In recent years, several different RGB-THERMAL tracking techniques have been introduced. Xingchen Zhang et al.3 employed a fully convolutional network and multilayer feature fusion to enhance thermal tracking performance. Guo et al.4 utilized a deep network model and combined RGB and thermal heat score maps to increase tracking speed. Zhu5 proposed a novel concept that emphasizes the importance of layers capturing key features and combined the separately collected layers to produce better prediction results.

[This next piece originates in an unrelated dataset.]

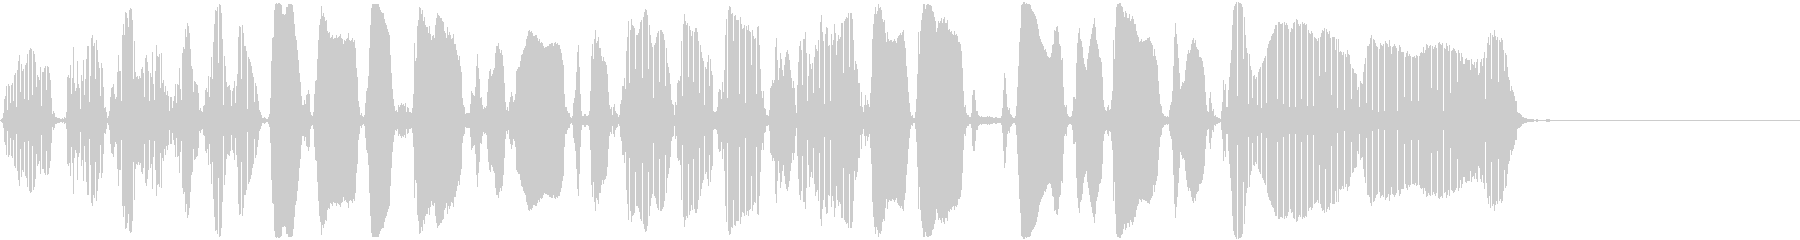 トランペット:ロング、コミカルチャ...の未再生の波形

The mentioned RGB-T trackers and many advanced RGB-T models11,12,13,14 are inspired by the Siam RPN8 model, which primarily involves predefining anchor frames of different sizes6,9 that each sample must match, leading to increased computation and processing time. These anchor frames are artificially designed and have a significant impact on the effectiveness of the tracking model, requiring a considerable amount of manual intervention during the experimental process. How to enable network models to learn autonomously without human intervention is also a current direction of development in artificial intelligence.

Currently, Siamese networks are widely used in advanced RGBT tracking algorithms. Siamese networks typically perform correlation operations on image features extracted from the target template and search region, and determine their similarity based on the similarity score. The target object is considered successfully tracked if the similarity score is high. However, correlation operations, which involve convolving two feature maps, may result in significant information loss, leading to a low success rate in target tracking. Recently, in the field of RGB-based target tracking, many researchers have incorporated Transformer technology into the design of tracking algorithms and achieved promising results. However, there are few studies that apply Transformer technology to RGBT-based target tracking, and the accuracy and success rate of RGBT trackers using Transformer are not high. Inspired by the application of Transformer in target tracking, we aim to design a new model with a Transformer framework to improve the accuracy and success rate of RGBT target tracking.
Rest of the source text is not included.